Watch Episode 15: The Empowered Marketer
In this exclusive interview, Aaron shares:
- The benefits and challenges of today’s ecommerce market
- How to start a successful ecommerce brand from the ground up
- The ecommerce brands he’s obsessed with
- …and much more.
Listen to the Full Conversation
Read the Top 4 Takeaways
1. Do you think it’s become easier or harder to get into ecommerce right now? Are you seeing a lot of new companies form and grow really quickly?
The barrier to entry is really low, but that also means competition is ramped up. Search is incredibly competitive. Knowing how to navigate Amazon is a beast, especially when your business grows to a certain size. Amazon is everybody’s best friend until Amazon notices you, and then it can get pretty scary.
So it’s a lot easier to get in and it is easier to rapidly scale. In the recent Mary Meeker internet trends report, she had a graph of all these companies scaling to over $100 million through the use of social media and other channels. It was incredibly encouraging to see the time cycle to go from zero to 100 million was around two to four years.
You can scale a lot faster especially if you’re coming at it with a passion for the product you’re selling. That’s what I see as the big mistake that ecommerce business leaders make — they start out in ecommerce as a way to make money, versus starting with the product. So many of the real amazing success stories that we get to cover on the Shopify Plus blog are about people that reverse that.
Someone like Gymshark has just had insane growth — peaking at over 52 million in a very short period of time. He started by sewing the clothes himself. He wanted to carve out a niche in an industry that was crowded, but wasn’t serving this particular segment. He built it organically, which is why they have such a strong presence on Facebook and especially Instagram. You’ll see this over and over again if you look through the case studies. There’s always an origin story that’s connected to product, rather than just trying to make money.
2. When it comes to ecommerce technology, what do you think are some of the biggest challenges facing B2C marketers? And what is a common mistake that a lot of ecommerce leaders make when it comes to technology?
Tech stack is a really hot topic the larger a business gets. This is behind a lot of scaling issues that people just don’t see coming. It’s not super hard to ramp up things like ad spend or even the tools for conversion rate optimization. But there are a few things that are the biggest mistakes or pain points with technology.
One is crossing the mobile divide. Everybody now knows that mobile browsing exceeds desktop browsing. It’s just a given. But despite all the prognostications, mobile buying itself still lags behind desktop buying. People in the West especially are conditioned to purchase through a traditional computer.
This makes multi-channel marketing absolutely critical. If you’re attracting customers through mobile, you have to have a very sophisticated way of tracking those customers once they leave your site on mobile and come back on desktop, as well as a way to bring them back on desktop.

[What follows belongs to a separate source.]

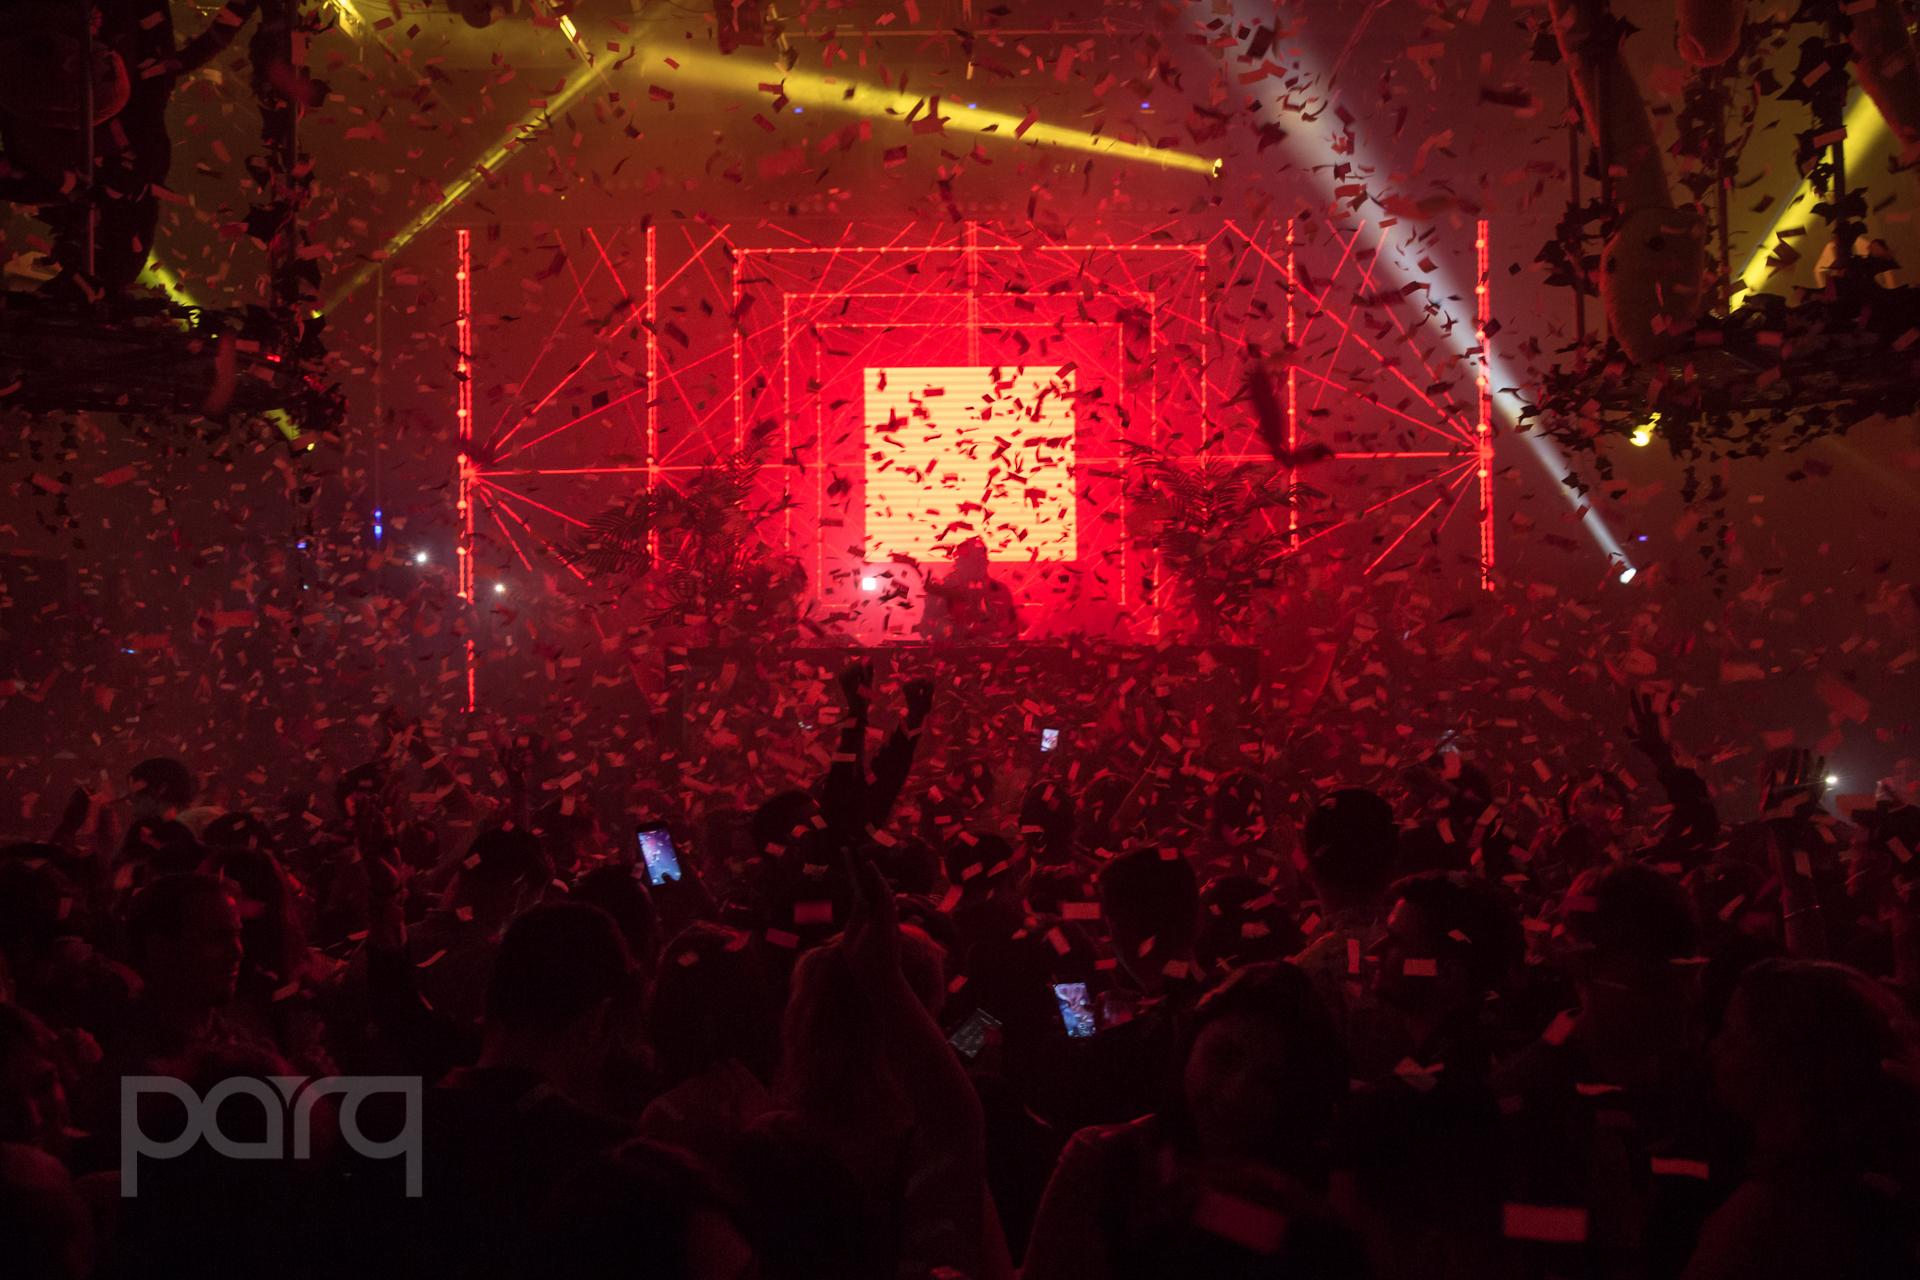 San-Diego-Nightclub-Zoo Funktion-39.jpg

Mobile is also a challenge when it comes to optimizing buying through mobile. You have to study how your customers interact with your check out and strip away as much as you possibly can. Shorten the number of screens, shorten the number of buttons, pre-populate fields if they’re coming back, use social login because a lot of people already have accounts synced with shipping and payment information. All of these things shorten strip down the check out process in particular, making it as lightweight and quick as possible.

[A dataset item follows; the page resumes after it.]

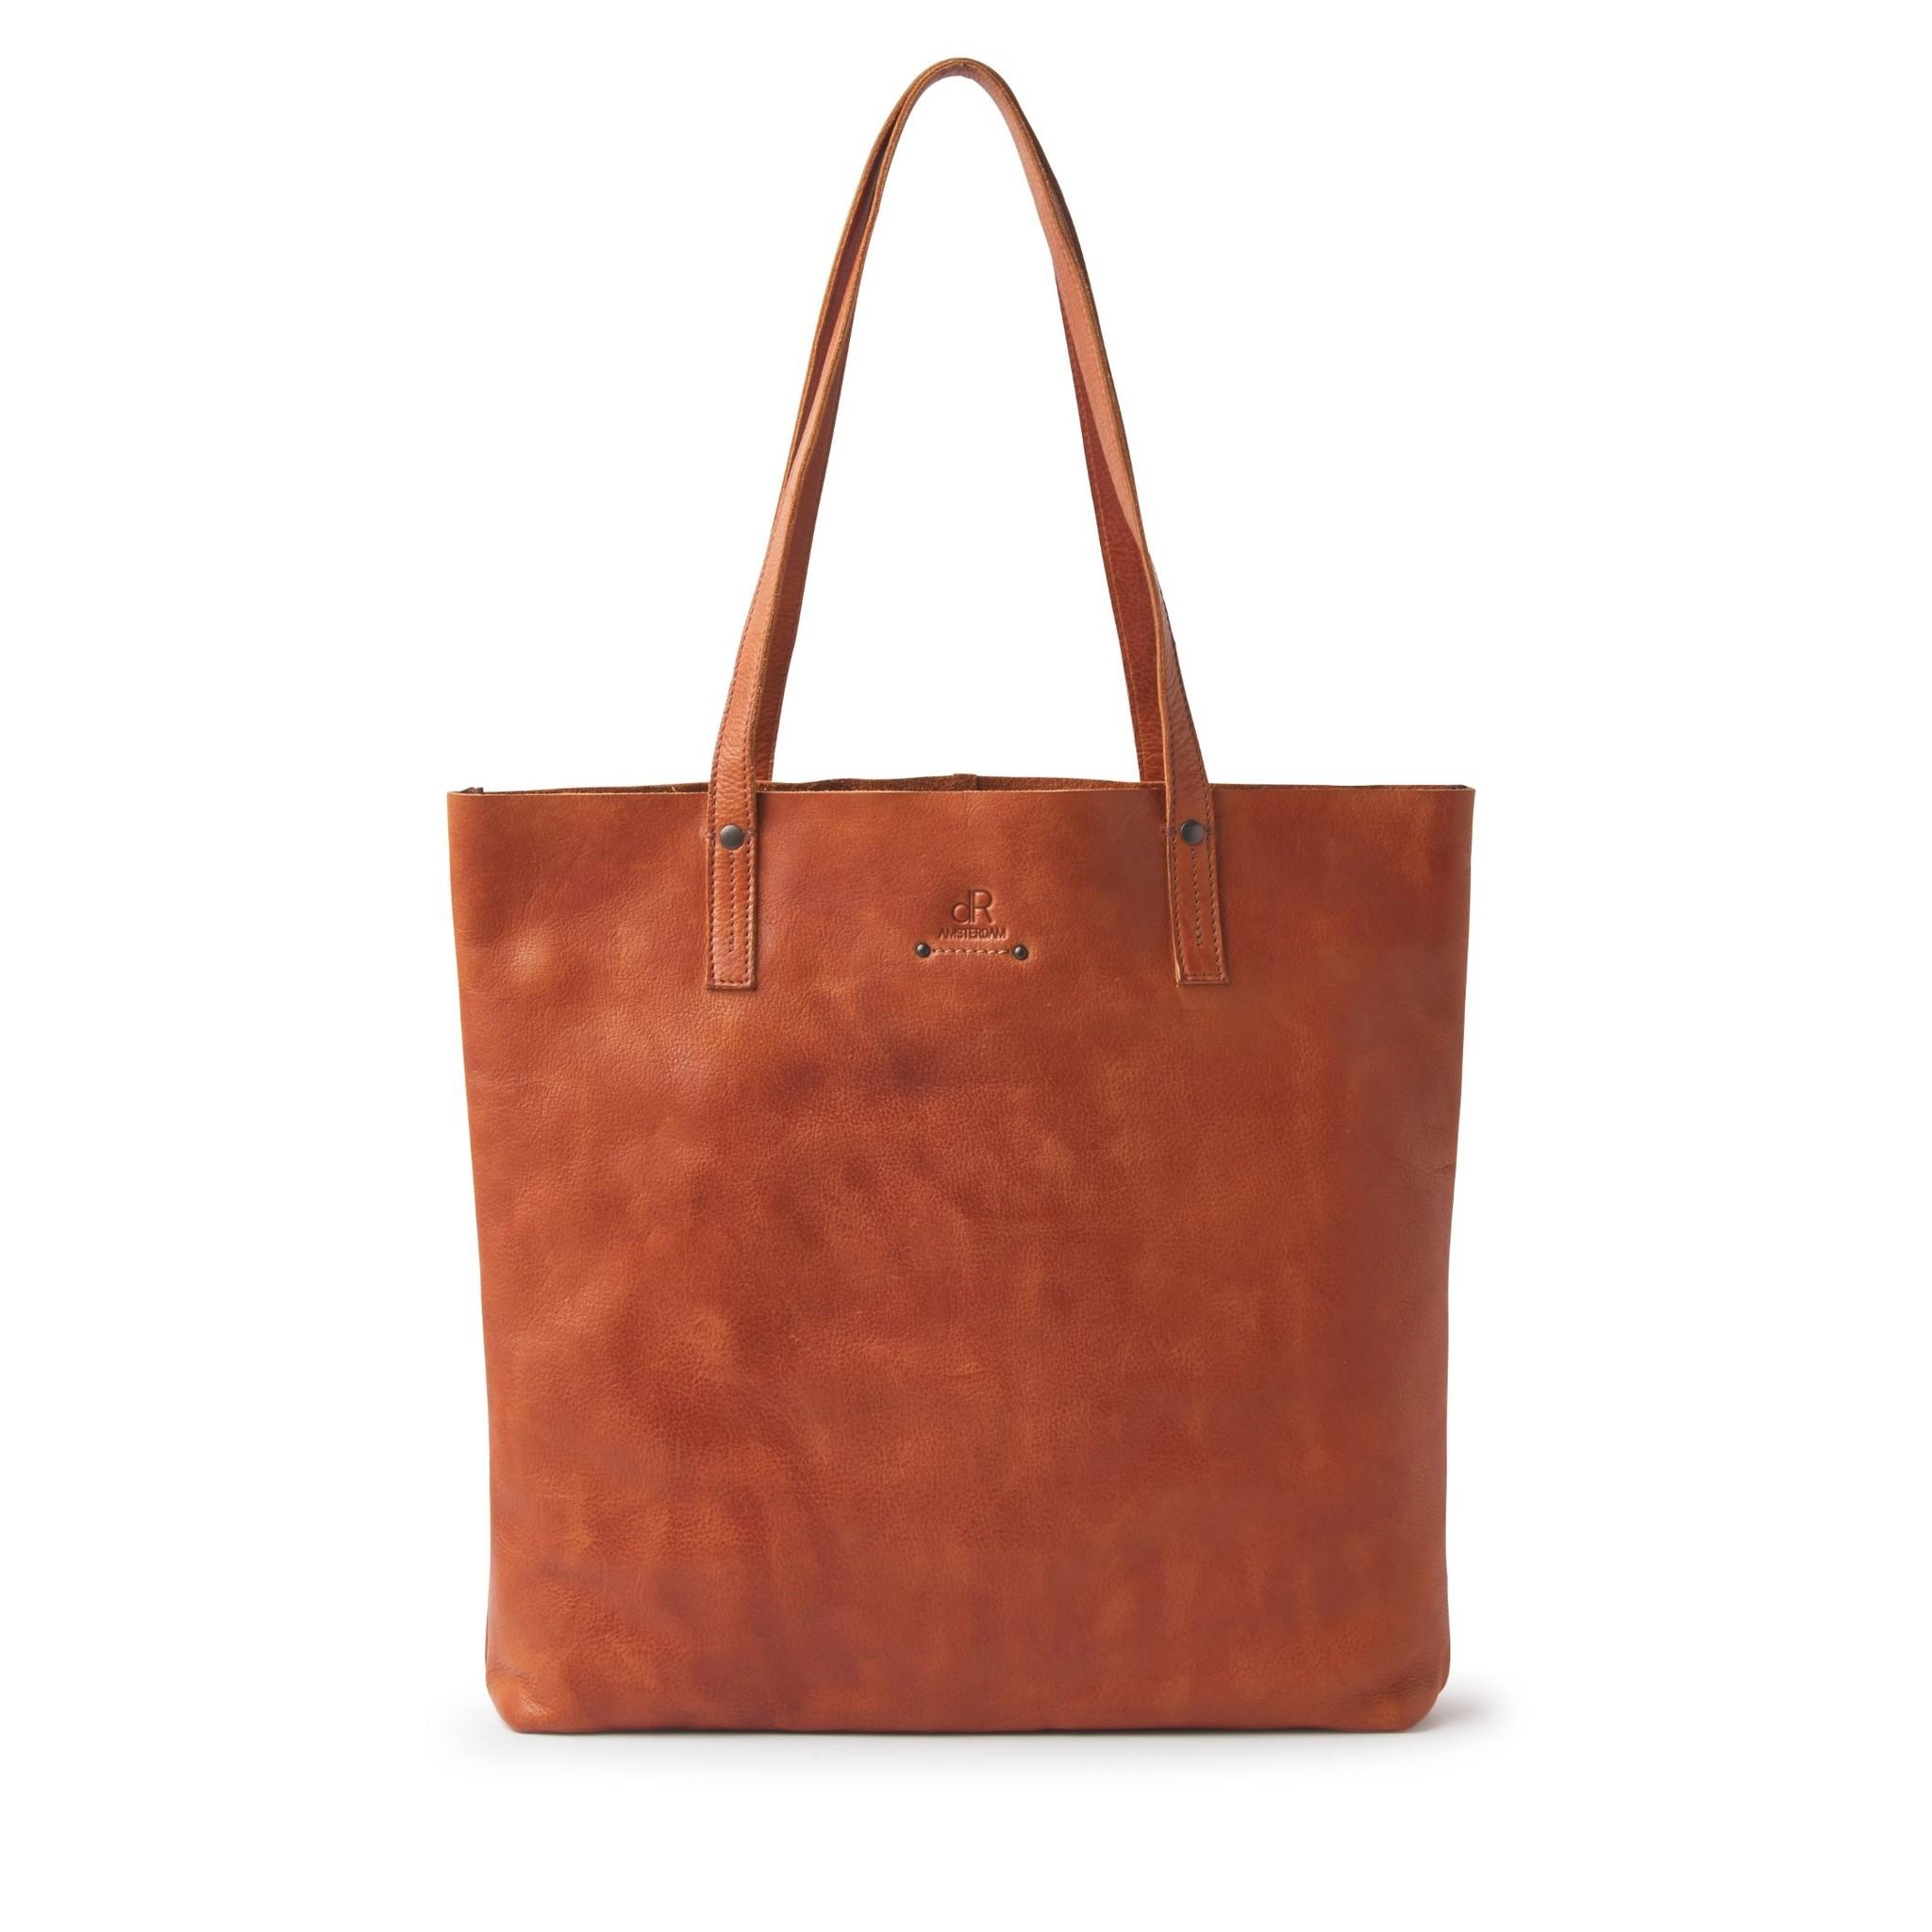 dR Amsterdam Leren Shopper 933550 Camel

Another challenge is it’s one thing to build a brand and a following and product awareness on social media — it’s another thing to know how to convert that following into customers. Instagram’s sort of like the beast in the room beside Amazon. The problem is you still have to leave Instagram to make a purchase. It’s not native to the experience. Instagram just rolled out product tagging and all of the headlines from mainstream media explode because Instagram you can now shop natively. But that’s only true, sort of. You can tag a product to get rid of the problem of not having links inside of a post. But it’s still not a native shopping experience.
The big mistake is to follow innovation for innovation’s sake, and to believe the things you read in mainstream publications without actually asking if it works for your business.
3. Do you think more brands should shift their focus away from new customer acquisition and focus more on repeat purchase rate? Are you seeing more brands do that?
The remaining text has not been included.